_Supplied information_:
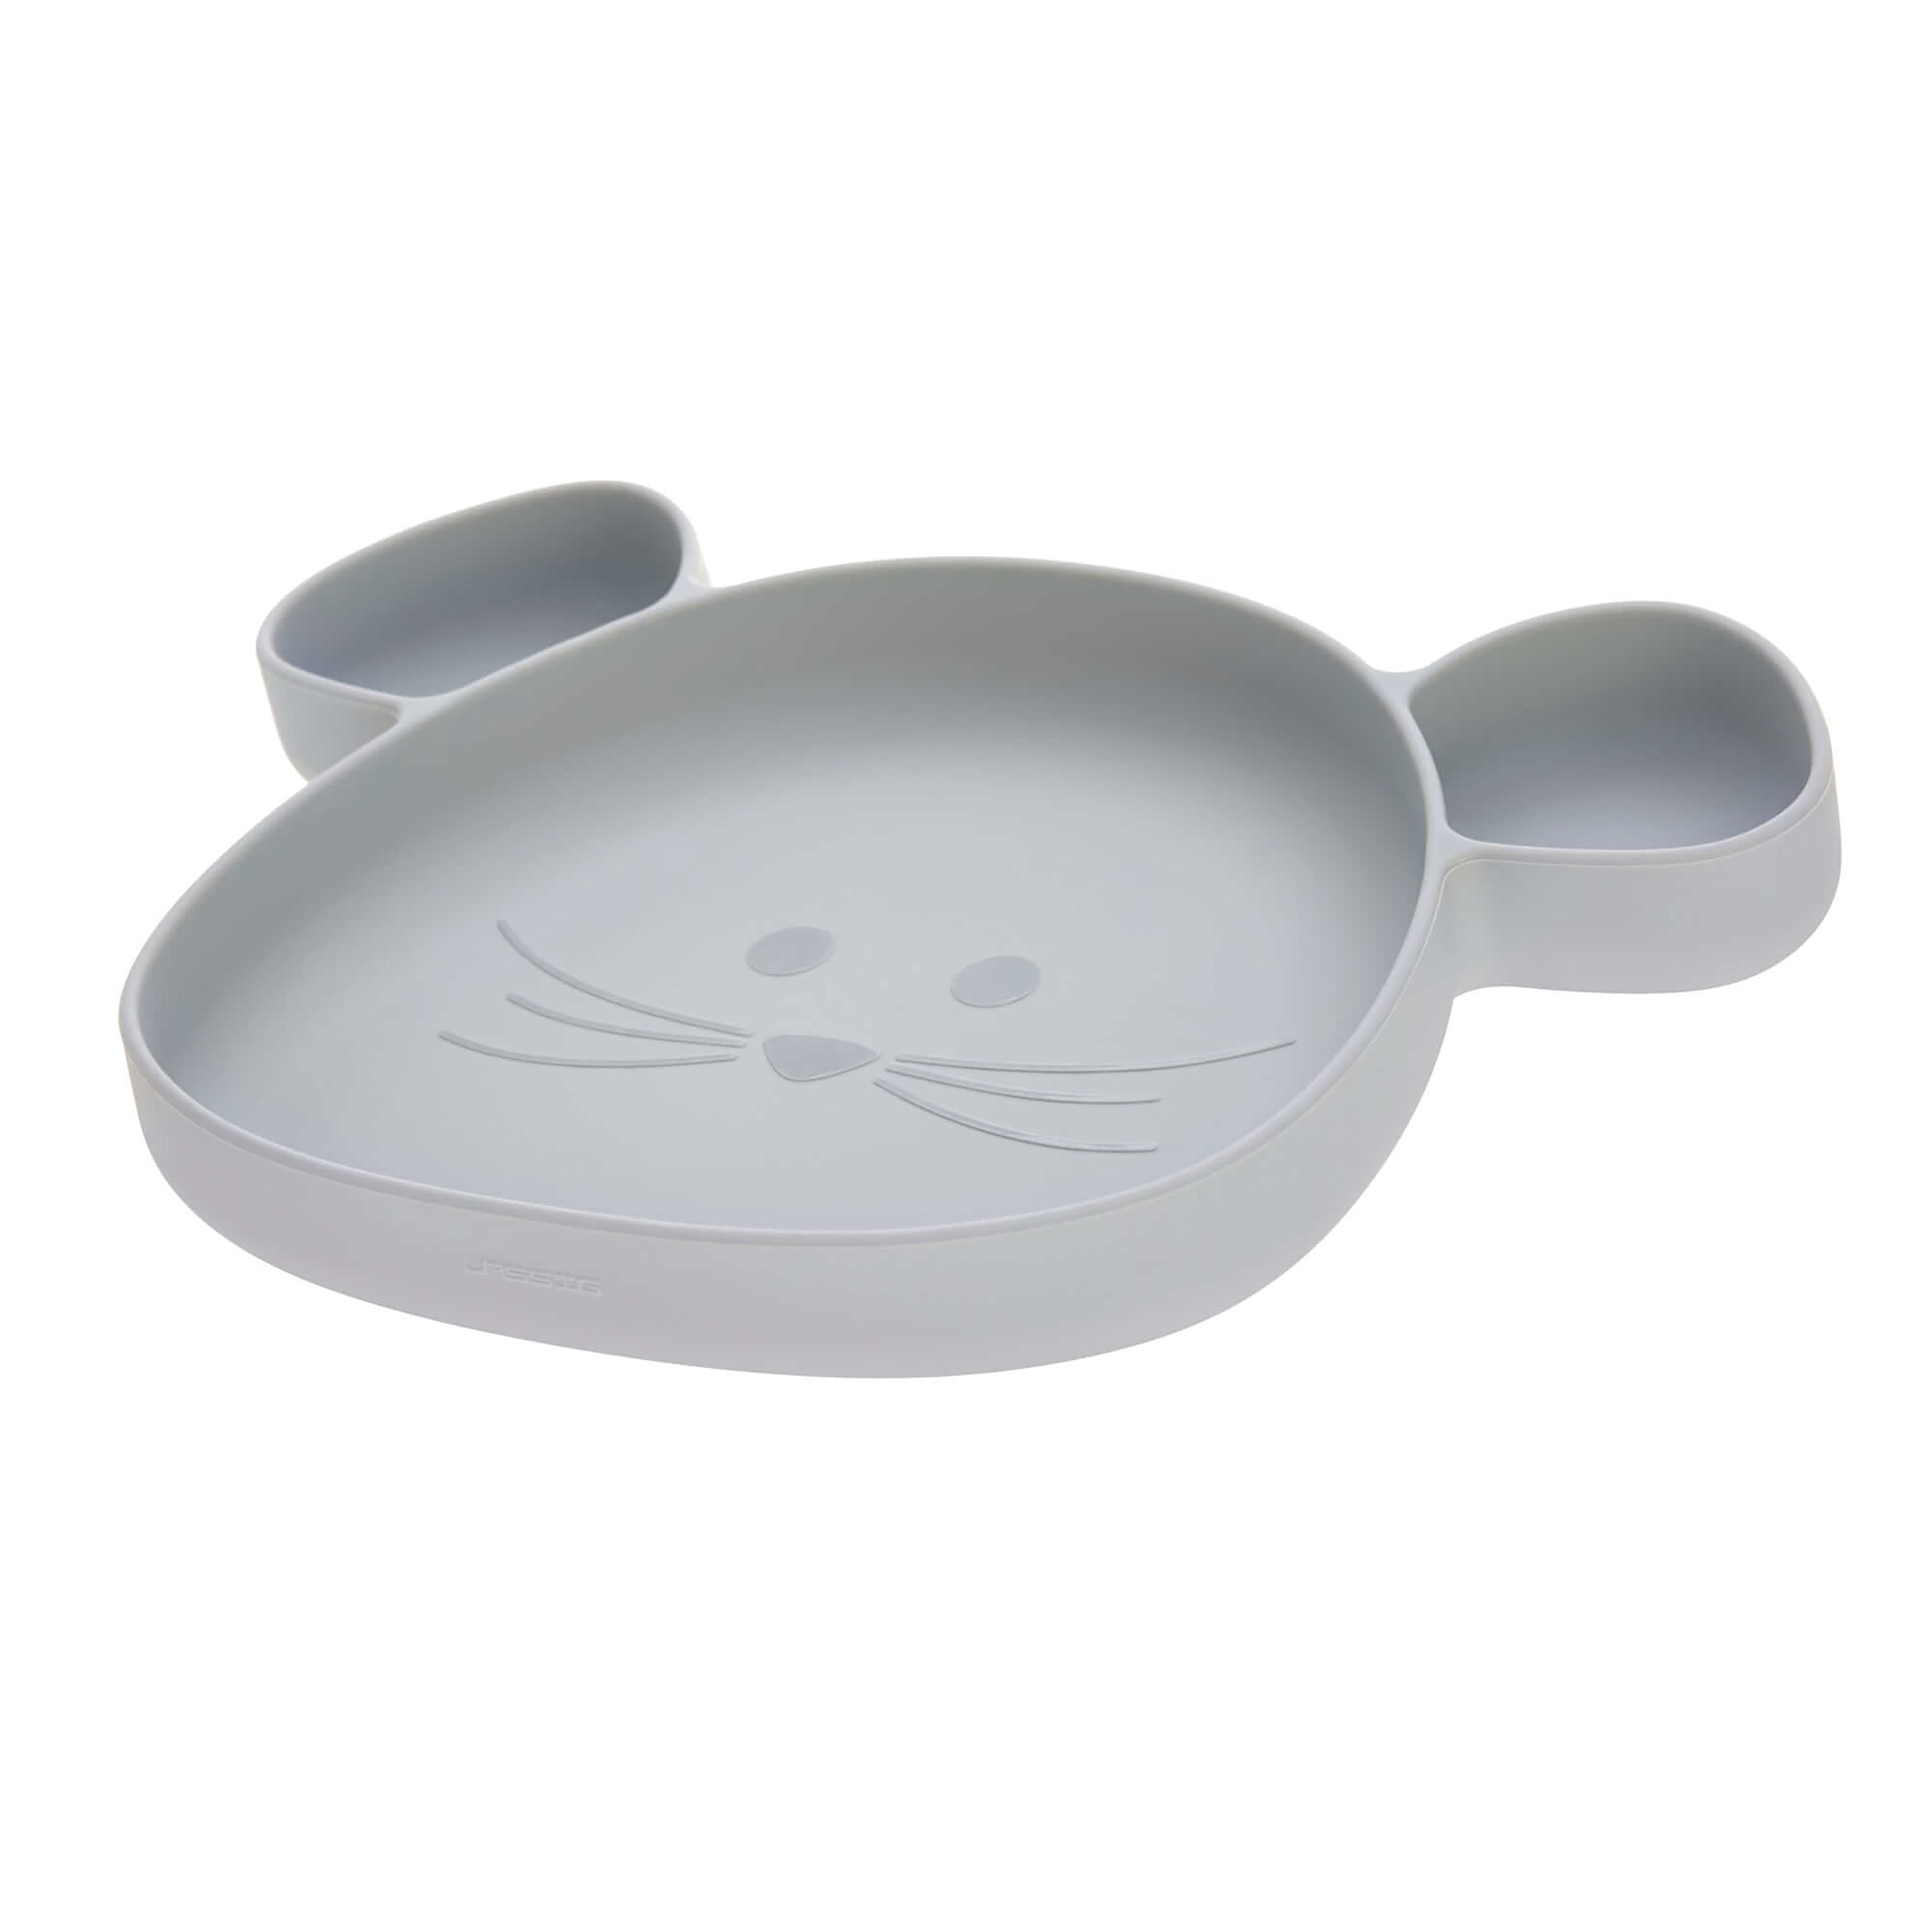 Lässig Silikon-Teller Little Chums - Mouse mit Saugnapf in grau
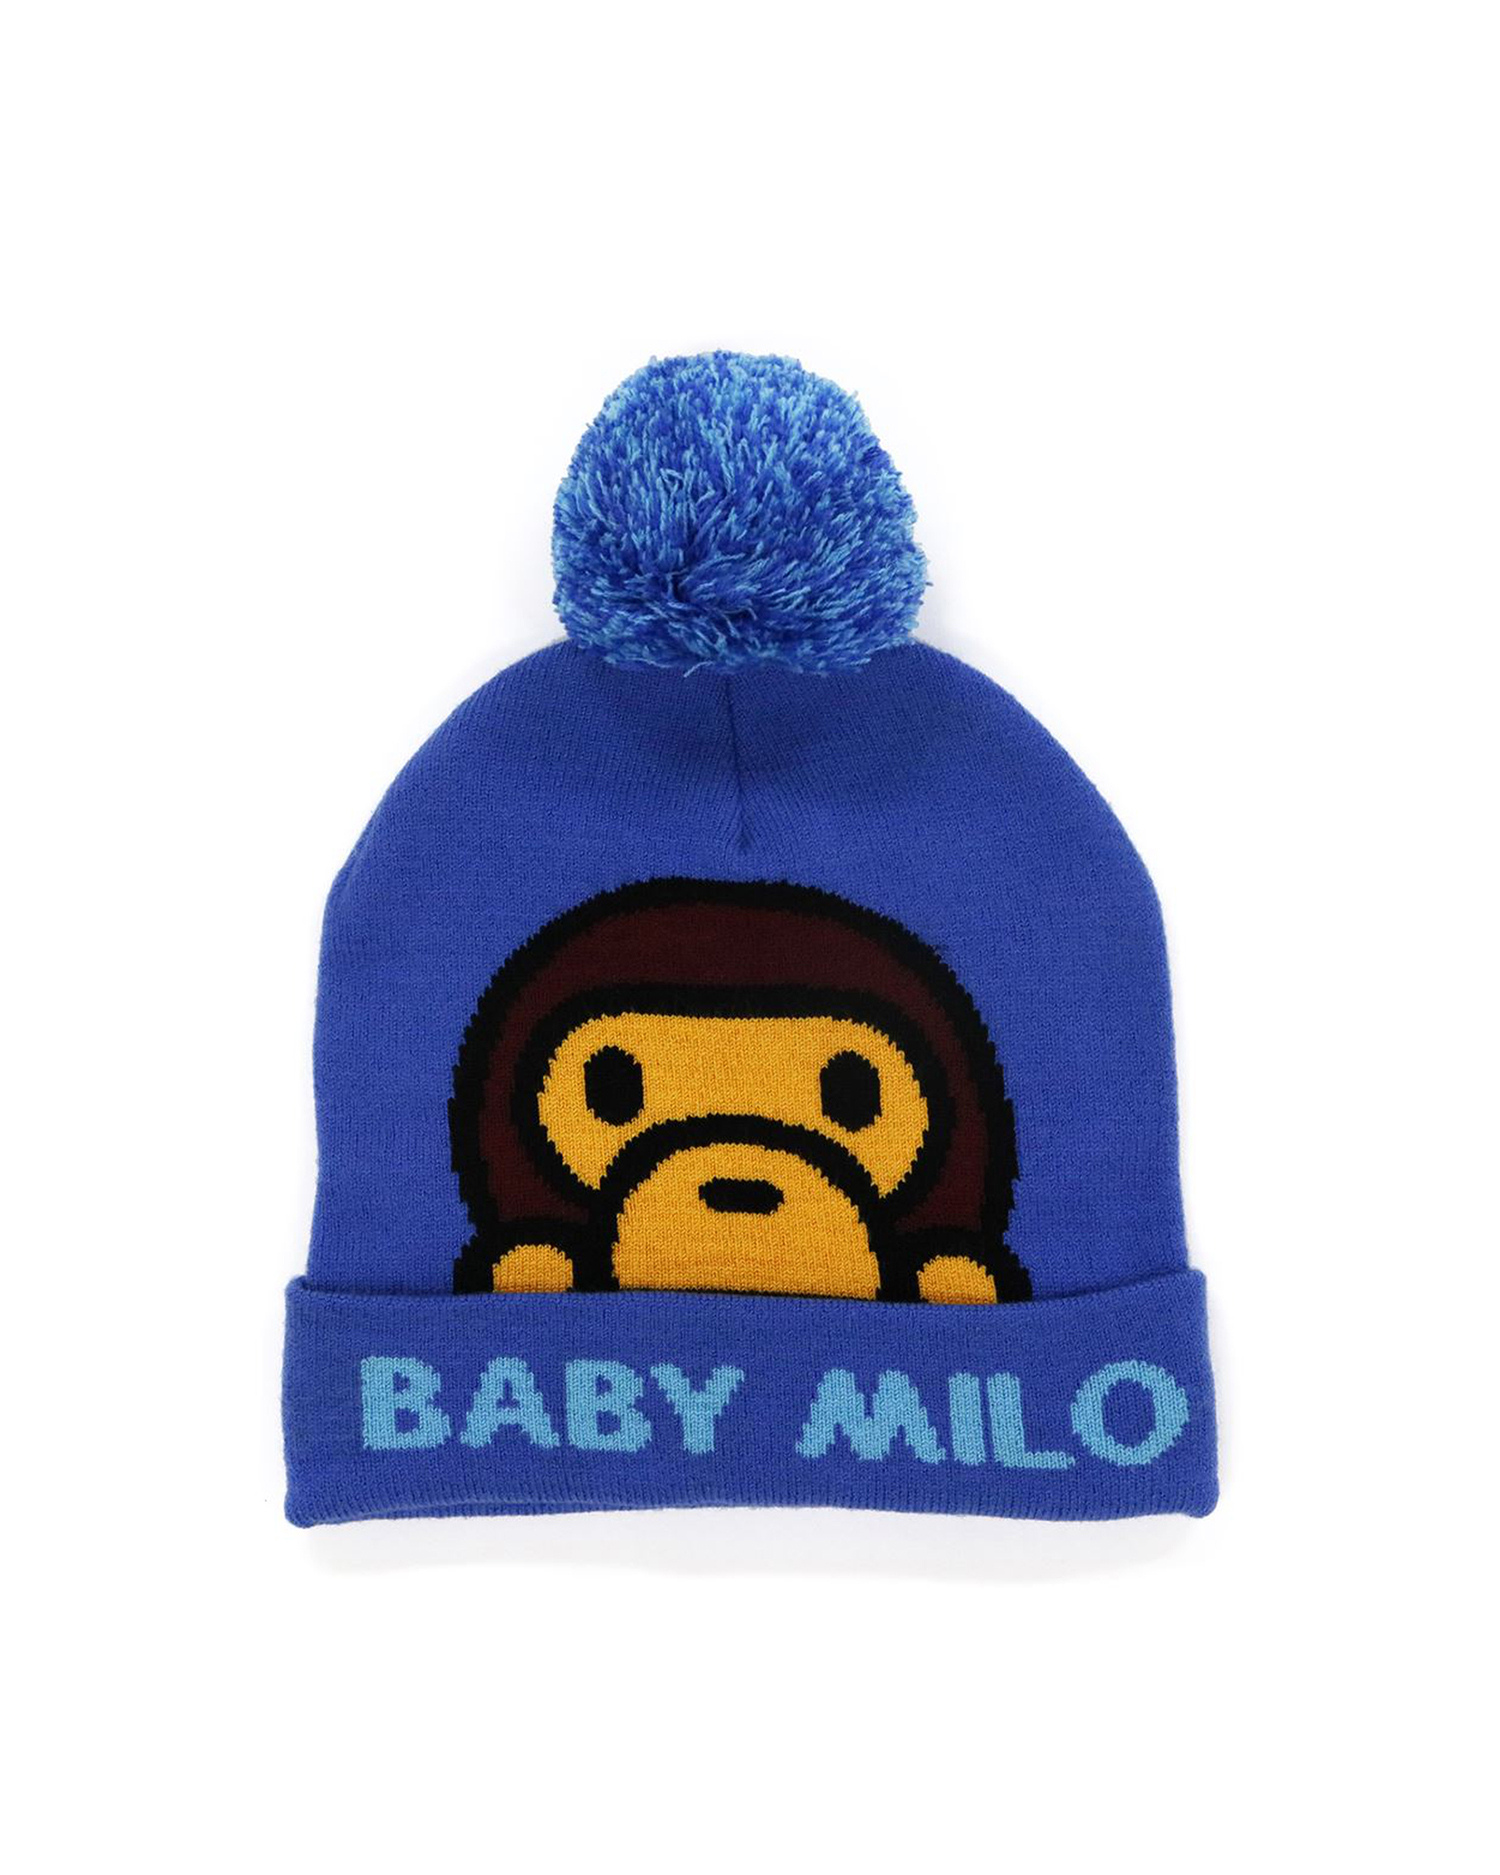 Shop Baby Milo Knit Cap Online | BAPE
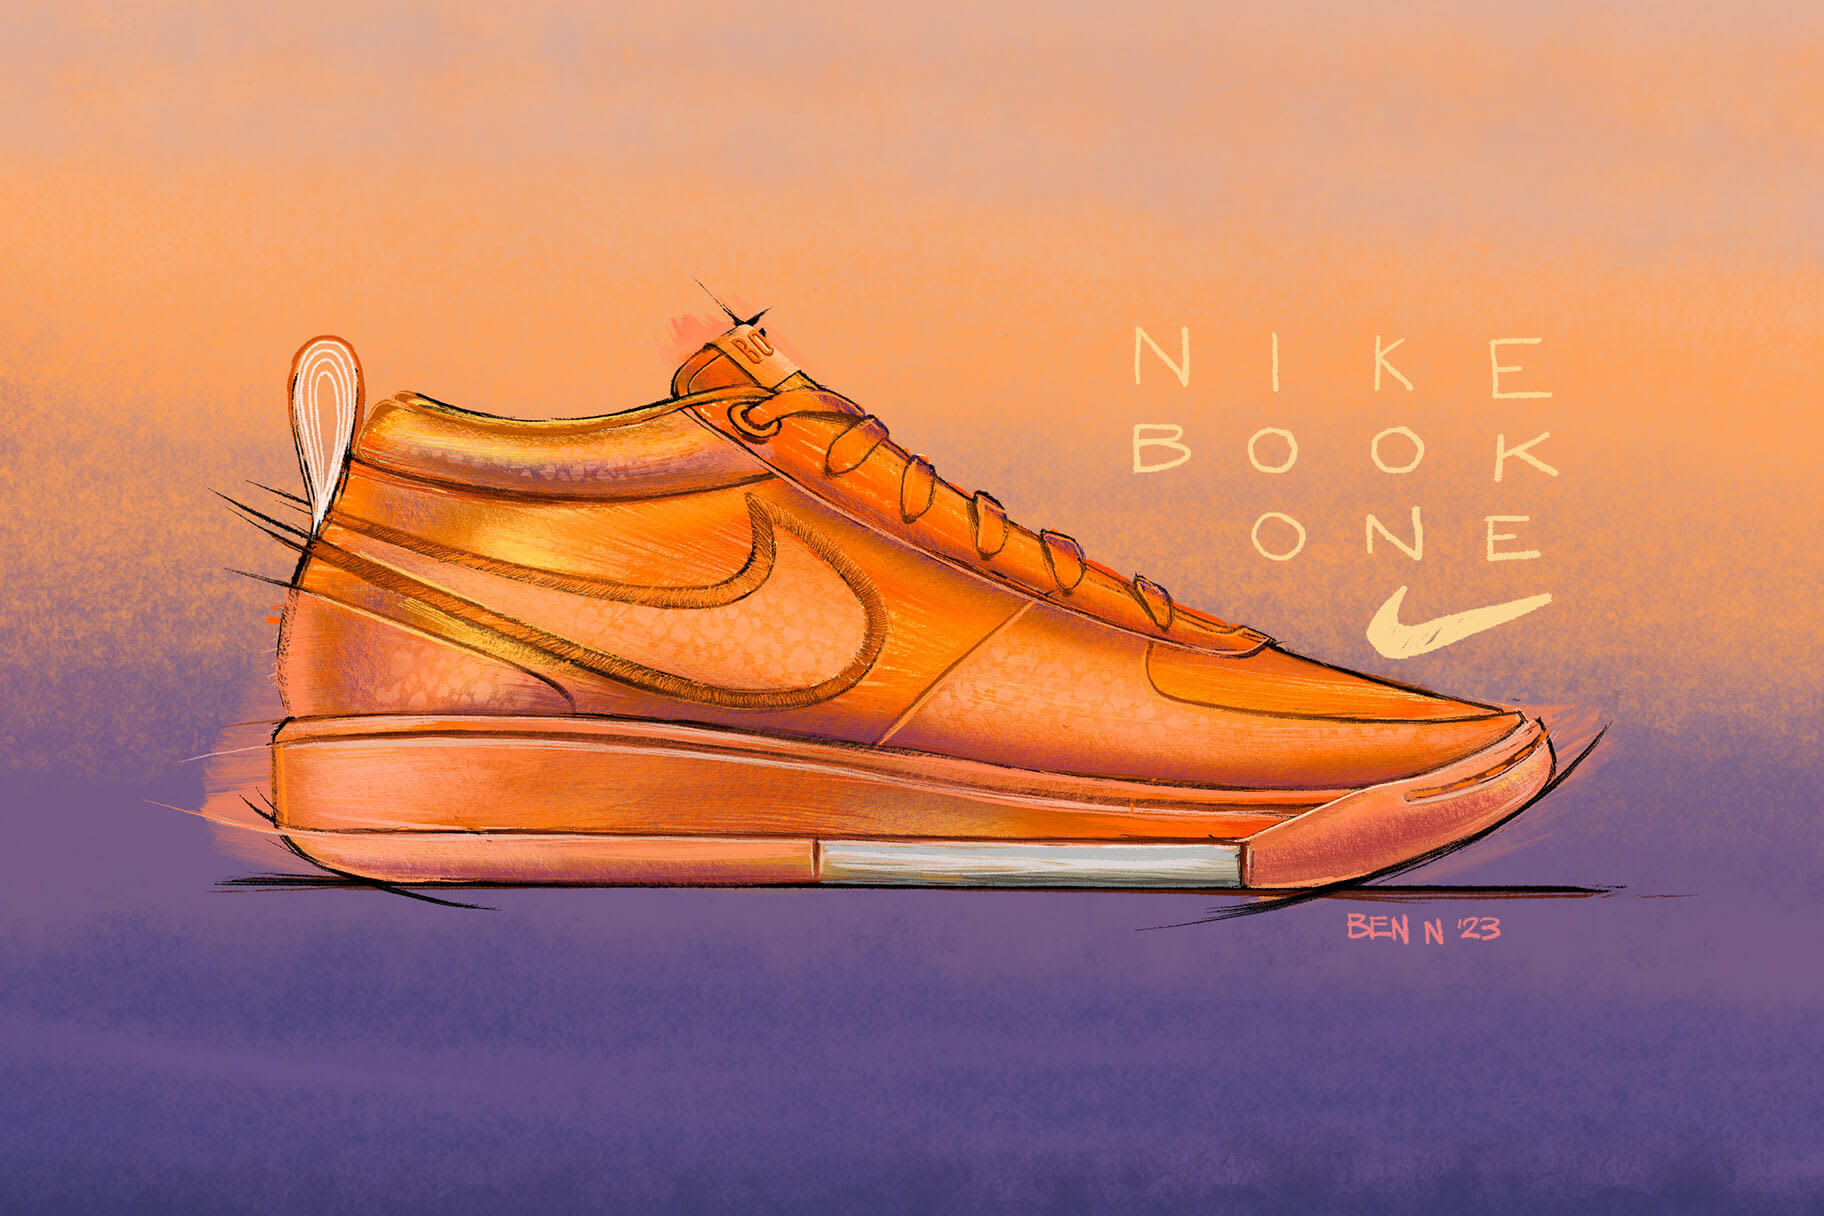 Nike introduceert eerste schoen in samenwerking met Devin Brooker, de Nike Book 1

_Task to complete_: Every line of the listing should be copied precisely, with images omitted.

_Answer area_:
 Lässig Silikon-Teller Little Chums - Mouse mit Saugnapf in grau
 Shop Baby Milo Knit Cap Online | BAPE
 Nike introduceert eerste schoen in samenwerking met Devin Brooker, de Nike Book 1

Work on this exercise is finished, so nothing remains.